From the Mailbag: Short Stories vs. Novels and Finding Time to Write

From the mailbag, T. asks:

When you write a novel it’s like a boat-load of short stories, with the same characters, and they tie together, right? So how would someone with great ideas get them onto paper if they don’t have the time to sit down and write? Me, for instance.

Hi, T.! That’s awesome that you want to write (a novel or short stories), and that you have some great ideas. You have some very good questions.

Let’s take this one at a time.

1) No, a novel is not really like a boatload of short stories, even if the short stories have all the same characters and are interconnected. Short stories are their own discrete items that exist unto themselves.

This is a short story:

This is a bunch of connected short stories:

This is a novel:

A novel is a great big complex thing that all needs to hold together, so it is a lot harder to do than a short story. At least, for me. I have friends who would much rather write a novel than a short story, because then the get to put all those flowers and such together, whereas their short story would topple over under the weight and actually not exist as the bite-sized confection it ought to be. They have different needs, novels and short stories.

But if it’s easier for you to think in terms of writing small things rather than big things, then do so. Because that wedding cake up there? Was decorated one flower at a time. The first time I wrote a novel, I was very scared that I wouldn’t be able to finish it, even though it was going to be a very short (60,000) word novel.

(I say “short” now. At the time when the most I’d ever written was a 25 page college thesis, that seemed enormous. But now I’ve written 120,000 word novels, so 60k seems like nothing by comparison.)

How did I do it? See below:

2) Novels are not written in days or weeks or even, necessarily, in months. Some people take years. There are novels that I have been working on for years.

The first time I wrote a novel, I told myself that all I had to do was write one page every day. That’s it. Just one. If the page had a lot of dialogue, so much the better. And I made myself a deal. I really, really wanted to join a writing organization, but the dues were $100, which was an enormous amount of money for a poor, underemployed college graduate living in New York City. So I told myself if I finished writing a book, a whole book, then I had proved that I was serious enough about this writing thing to deserve to spend the money on that organization.

Maybe your “carrot” is something different. Maybe you just want to prove to yourself that you can do it. All you have to do is write one page a day. At the end of the year, you’ll have a whole book.

Don’t tell me you don’t have time. You have time to write one page a day. When I did this, when I first graduated from college, I had two jobs plus I was trying to get freelance work from newspapers. Set your alarm clock for 20 minutes early. Choose not to watch TV in the evening. Use your lunch period not to talk to friends, but to go sit somewhere quiet and write while you eat your sandwich.You have to make sacrifices.

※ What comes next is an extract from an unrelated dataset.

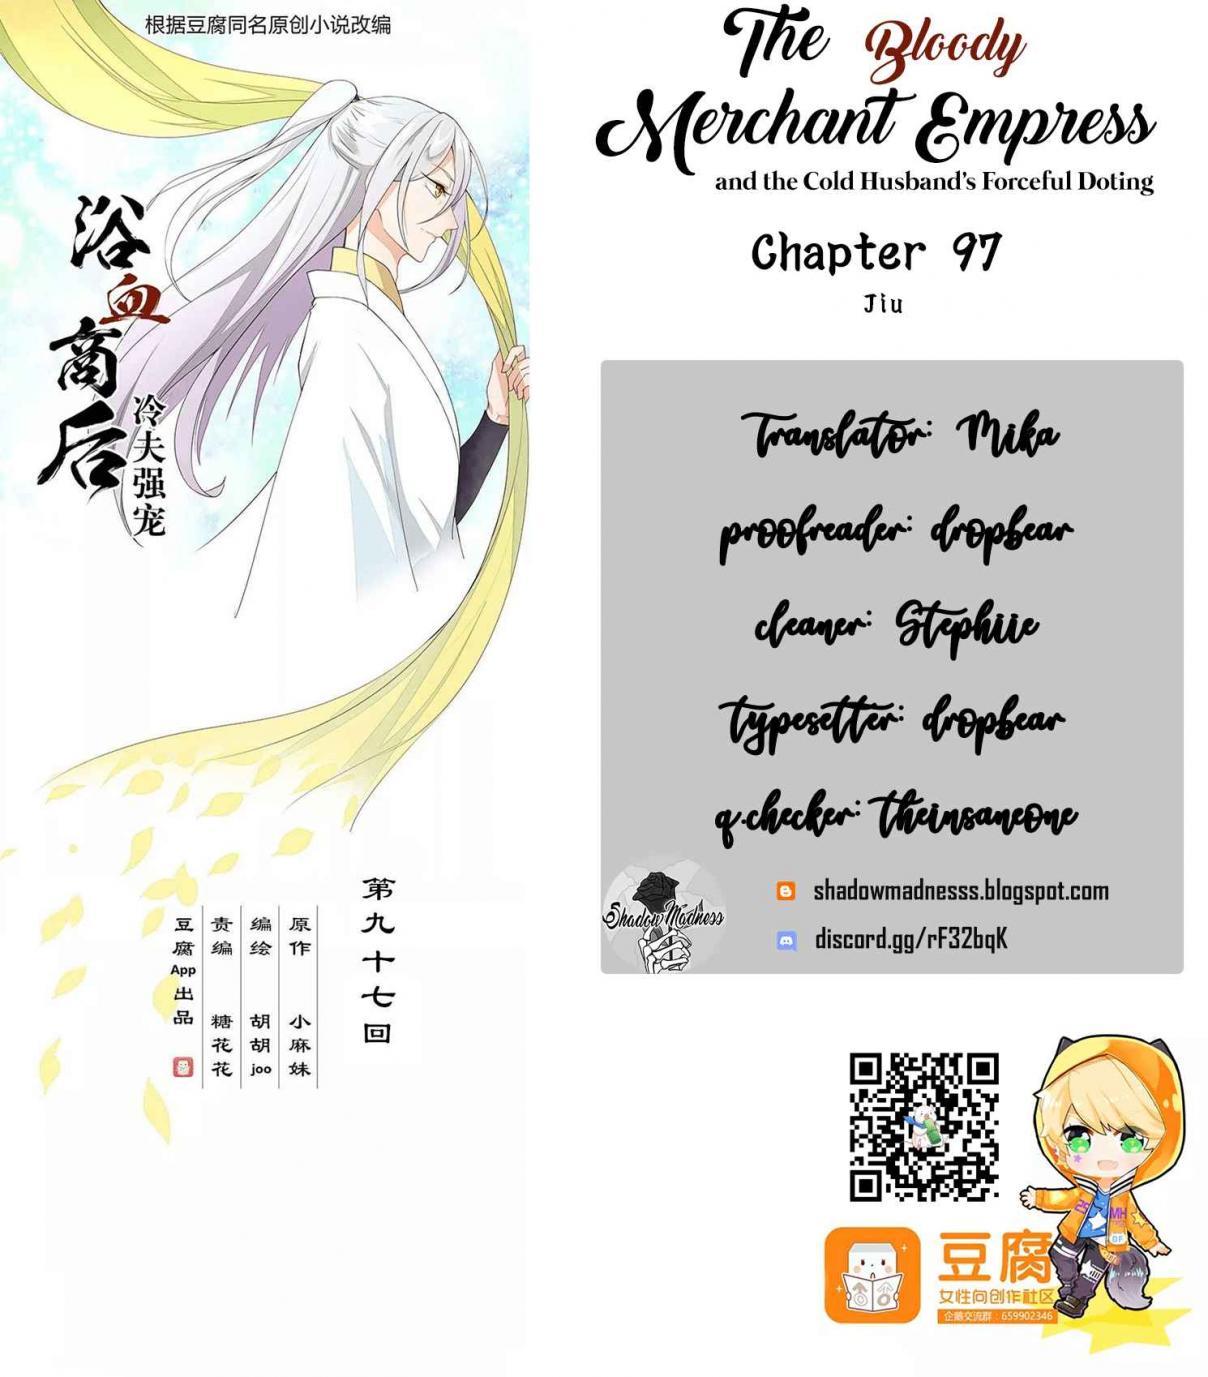 The Bloody Merchant Empress and the Cold Husband's Forceful Doting Ch. 97 Jiu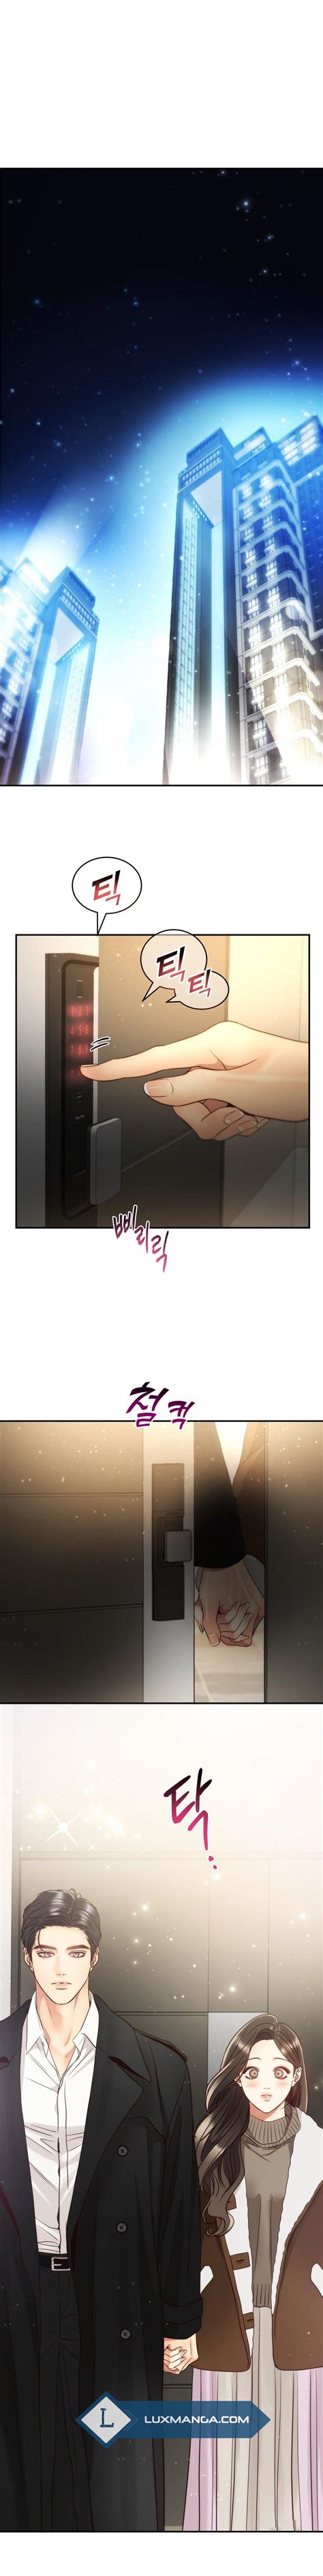 You are reading Daytime Star Chapter 39 at daytime-star.com. Posted in Daytime Star, Daytime Star Manga, Daytime Star Manhwa, Daytime Star Manhwa Daytime Star Webtoon, Read Daytime Star. Previous Daytime Star Chapter 38. Next Daytime Star Chapter 40. • 1 month ago. I feel like she wrote "me, I'm ur bday present.".

If you don’t have time for that, then no, you can’t write a novel. There were periods in my life when I didn’t have time for that. When I had a newborn baby, for example. Maybe you’re going through a time like that. Maybe you’re caring for an ailing parent, or currently in combat, or working four jobs to keep a roof over your head, or you’re on a reality TV show that requires twenty-four hour surveillance, or you’re in a coma in the hospital. That’s okay. Don’t beat yourself up.

One page a day is 250 words. If you can do that even five times a week, by the end of the year you’ll have over 65,000 words. That’s a novel. You’re done. If you’re writing a long novel, well, bump it up to 7 days a week, or do it for 18 months.

Using this method (and, I’ll be honest, some cramming) I have written TWELVE novels, SIX short stories, FOUR longform non-fiction essays, half a dozen unfinished novels and proposals, four newspaper features, dozens upon dozens of food reviews, and hundreds of blog posts since 2002. And I’m lazy. I know a lot of people who have done like five times that much.

So if I can do it, so can you.

This year, I’m doing NaNoWriMo, which is a fun project in which I promise to write 50,000 words in 30 days. It’s not going to happen. But I’ll have fun trying. The last time I did NaNo, I did 10k in a week, and then had to put it aside to work on another project. But that’s 10k I didn’t have before.

But you don’t have to do it like that. Start with asmall goal. One page a day. You can do it!